Le matin du 24 mai, Marta Kostyuk a appris qu’un missile russe venait de tomber à cent mètres de la maison de sa mère, à Kiev. Elle avait dix-sept personnes de sa famille là-bas. Elle ne savait rien de ce qu’il s’était passé. Elle est quand même allée jouer son premier tour. Elle a gagné. Et après le match, les yeux rouges, cette joueuse de tennis d’une autre trempe a confié que ça avait été « l’un des plus difficiles de sa carrière ». Et ce n’était pas à cause de son adversaire. C’est ça, Marta Kostyuk. Une demoiselle de 23 ans qui vit en split permanent entre la terre battue de Paris et celle de son enfance où une guerre n’en finit pas.
Née à Kiev en 2002, Marta Kostyuk a grandi dans une famille de tennis, sa mère Talina, ancienne joueuse professionnelle, a été sa première entraîneuse. Mais avant le tennis, il y a eu la gymnastique. Sept ans de discipline absolue, pratiquée en parallèle, jusqu’à intégrer l’équipe nationale ukrainienne et terminer quatrième aux championnats du pays. Elle a arrêté à 11 ans. « Ça m’a beaucoup aidée physiquement, mais j’ai dû gérer beaucoup de conséquences ensuite. C’est un sport extrêmement strict. Dès l’âge de 8 ou 10 ans, je me pesais vingt ou trente fois par jour. Ça laisse des cicatrices mentales importantes. » Le sport n’a jamais été un refuge pour elle. Il a souvent été une épreuve. Mais cette fille-là est une battante et le rire est sans doute son arme la plus redoutable.
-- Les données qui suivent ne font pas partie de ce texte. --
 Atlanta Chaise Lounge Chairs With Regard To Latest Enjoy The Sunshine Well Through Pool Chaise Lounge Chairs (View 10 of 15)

Depuis le début de l’invasion russe en février 2022, Marta Kostyuk a pris une décision : ne plus serrer la main des joueuses russes et biélorusses. Pas par hostilité gratuite. Par refus du silence. Quand elle a été sifflée par le public du Chatrier en 2023, après avoir ignoré la poignée de main d’Aryna Sabalenka, elle n’a pas reculé. Elle a dit : « Les gens devraient avoir honte. » Elle avait 20 ans. Ce qui la distingue, c’est que sa position n’est pas figée. Quand Daria Kasatkina a renoncé à sa nationalité sportive russe et pris position contre la guerre, miss Kostyuk lui a serré la main. « Ce n’est pas de la politique, c’est une question d’humanité. » Nuance, cohérence, courage.
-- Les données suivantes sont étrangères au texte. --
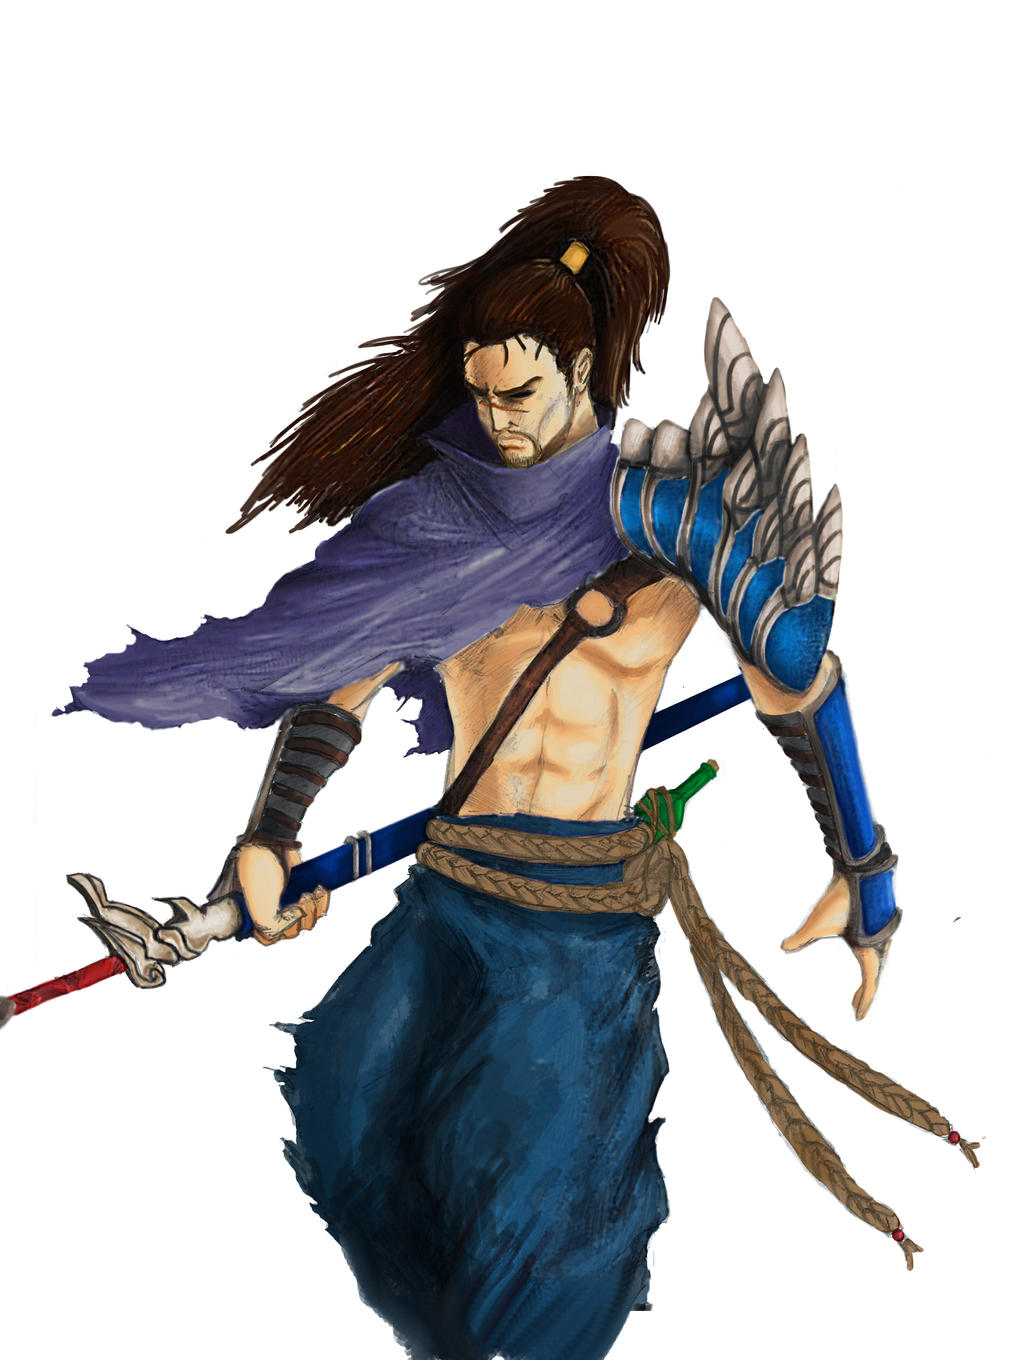 Yasuo, the unforgiven by Massimo-Weigert on DeviantArt

Sur le court, la saison 2026 est celle de la confirmation. Titrée à Rouen puis à Madrid en WTA 1000 — où elle a célébré sa victoire d’un backflip, salué jusqu’à Nadia Comaneci —, elle a ensuite sorti Iga Swiatek en huitièmes de finale en moins d’une heure quarante. Ce mardi, à Roland-Garros elle s’est offert une place en demi-finale en battant sa compatriote Elina Svitolina. Un duel d’Ukrainiennes sur le court central de Paris, en 2026. Il fallait un moment pour saisir ce que ça signifiait.
Ce qui frappe, au fond, c’est que Marta Kostyuk ne demande pas à être épargnée. Elle ne joue pas la victime. Elle joue. Tout simplement. Et elle joue avec tout ce qu’elle est, tout ce qu’elle porte. Sa raquette claque comme une déclaration.